I have been preaching Exodus for 8 months, give or take, and I’m a little tired of it myself.
God is gracious and longsuffering with them.
The Isrealites placed God on trial, yet God was the one who was placing Israel on trial.

10 For I do not want you to be unaware, brothers, that our fathers were all under the cloud, and all passed through the sea, 2 and all were baptized into Moses in the cloud and in the sea, 3 and all ate the same spiritual food, 4 and all drank the same spiritual drink. For they drank from the spiritual Rock that followed them, and the Rock was Christ. 5 Nevertheless, with most of them God was not pleased, for they were overthrown in the wilderness.

“For they drank from the spiritual Rock that followed them, and the Rock was Christ.”
For the Israelites (Charles Hodge):
a. They were consistently supplied with water.
b. The source of the physical supply was Christ.
i.
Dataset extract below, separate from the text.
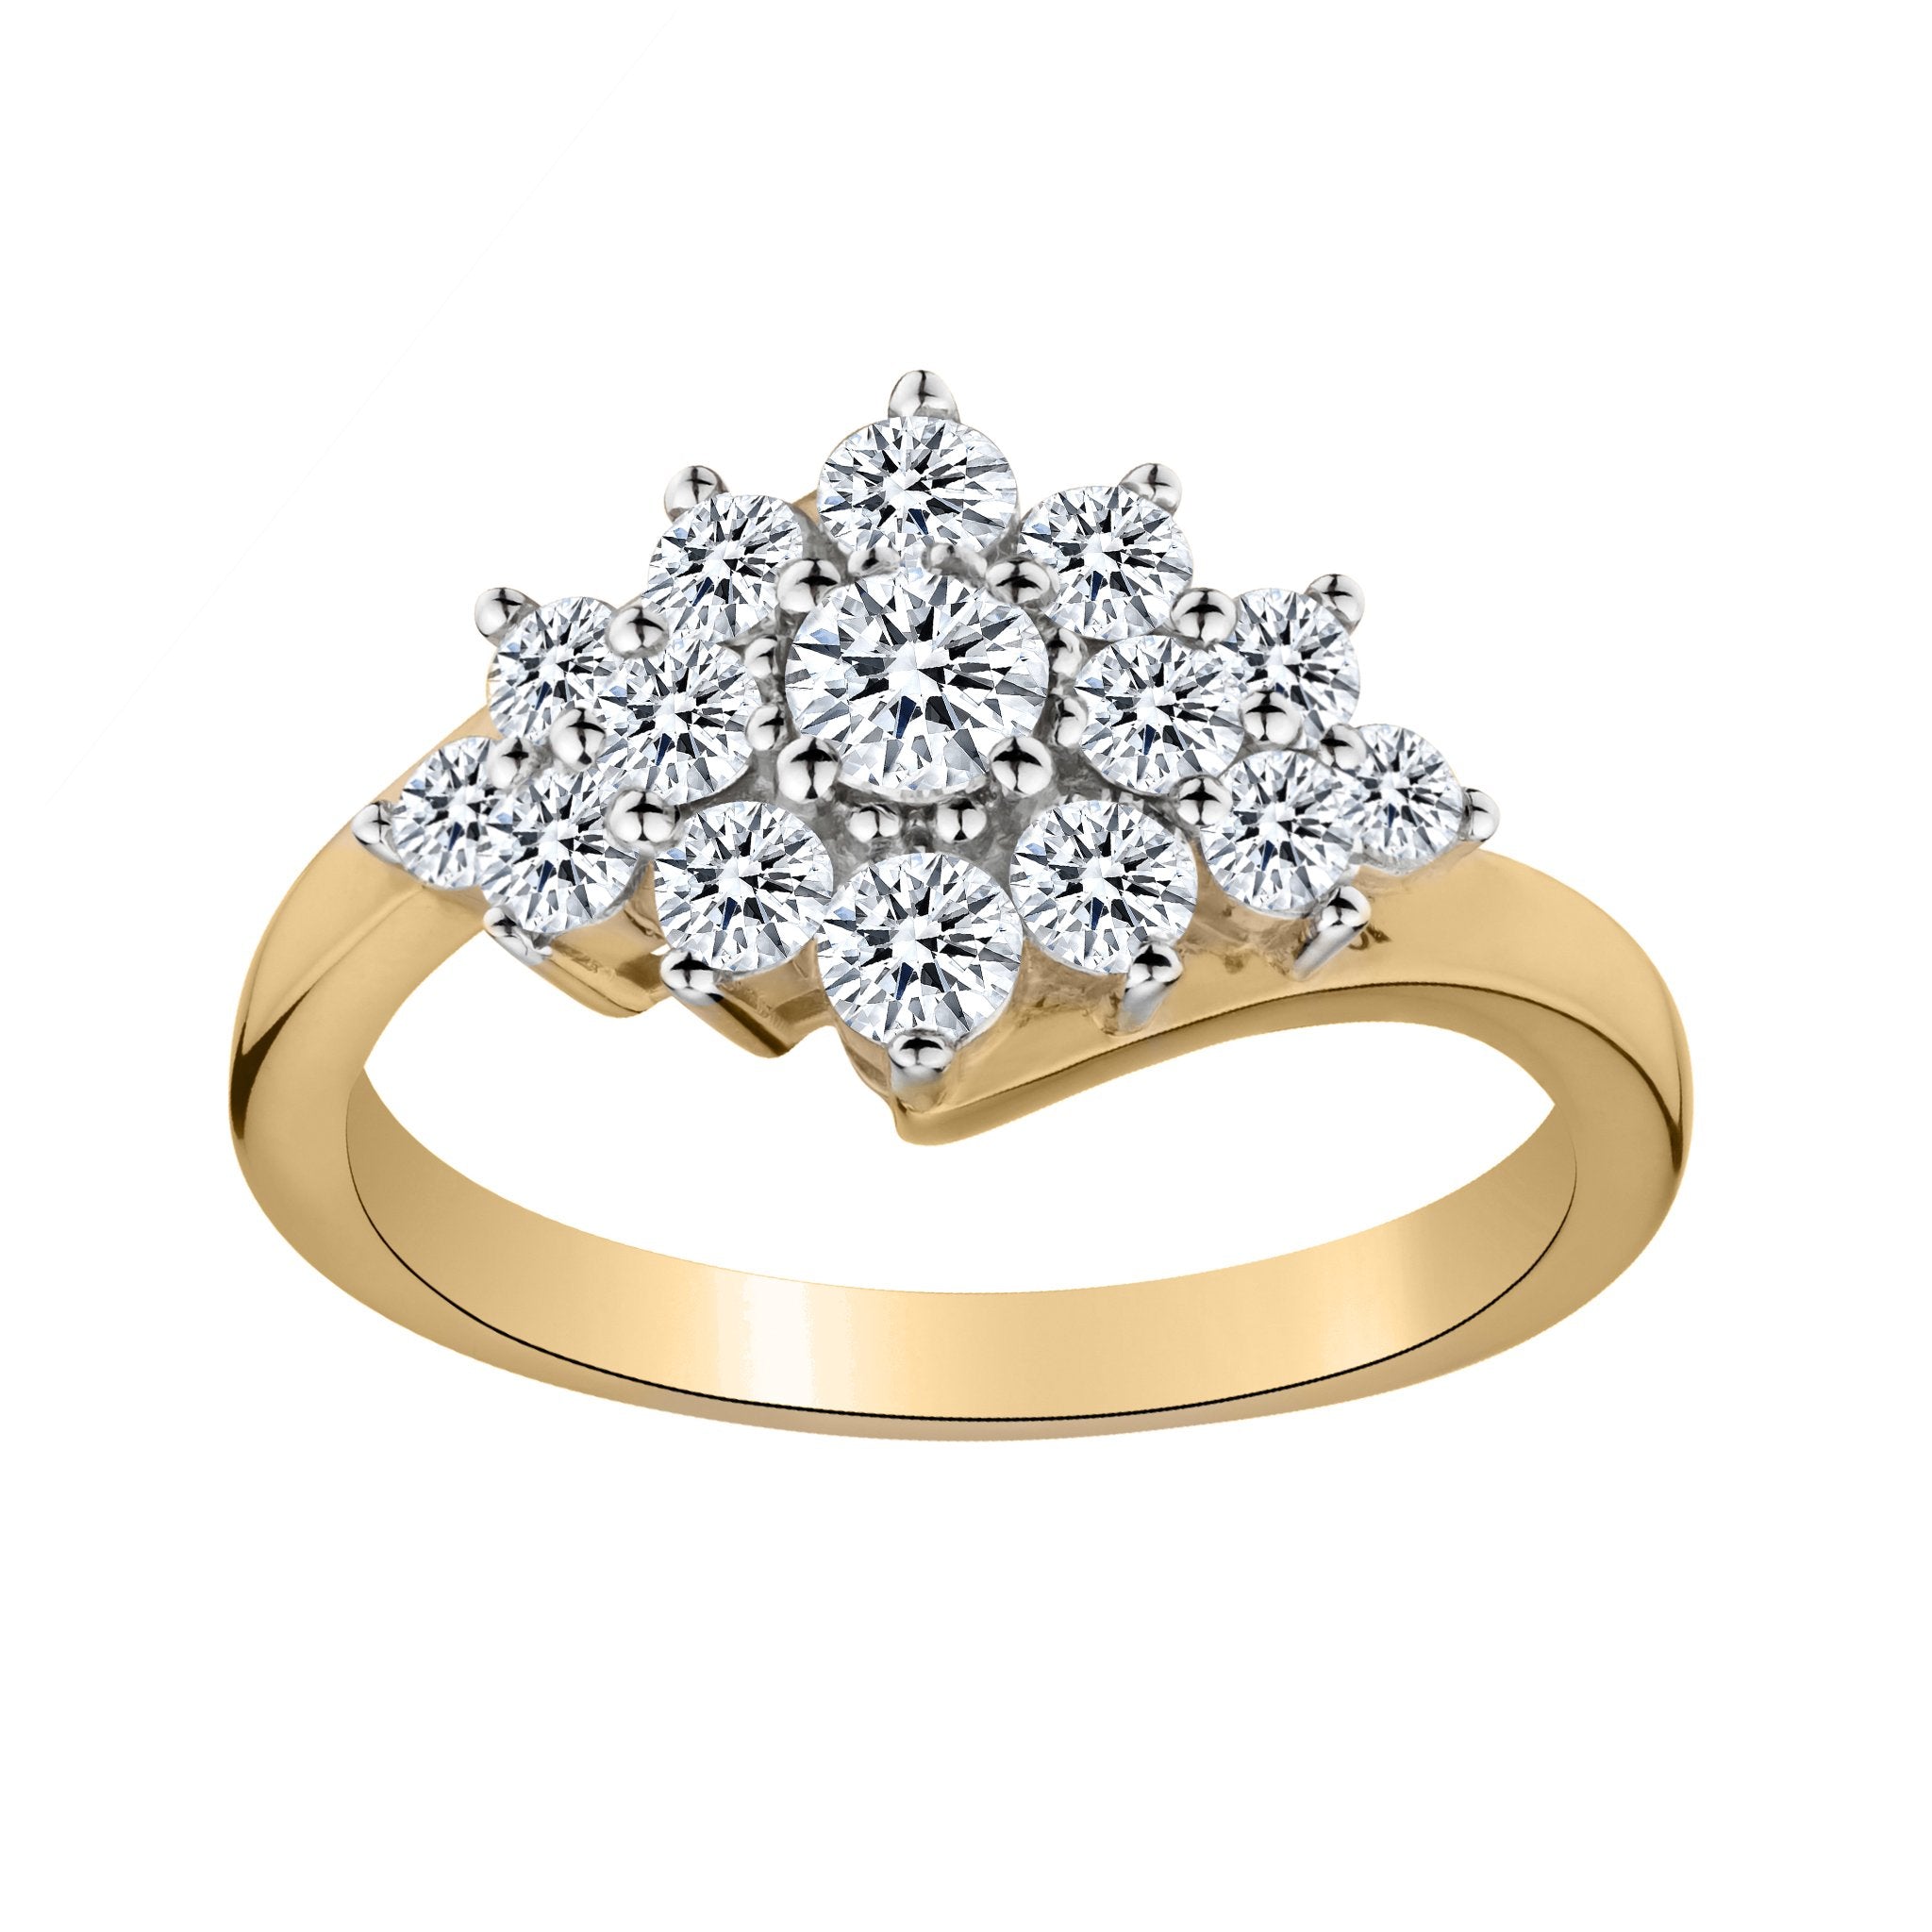 1.00 CARAT DIAMOND RING, 10kt YELLOW GOLD...................NOW - Griffin Jewellery Designs

Jewish folklore attempts to explain how the Israelites had water in many ways. Some rabbis even stated that the rock rolled with them wherever they went. They miss the point.
ii. Christ was the rock the would follow the Israelites. They had water wherever they went, because Christ went with them.
c. The source of their spiritual supply was Christ.
For you and me:
a. Let’s compare Christ and the rock.
i. Both were struck. The rock was struck with the rod of Moses. Christ was struck with whips of the Romans and ultimately the wrath of God.
b. Both provided salvation.
c. Both provided vitality and nourishment.
d. Both were struck for stubborn and selfish people.
e. Both completed the work that they were intended to complete.
Christian: Christ was bruised for your sins. His death brought you new life, forgiveness, and grace.

Invitation

Come to Christ and know the joy that he brings.
Come to Christ and experience his forgiveness.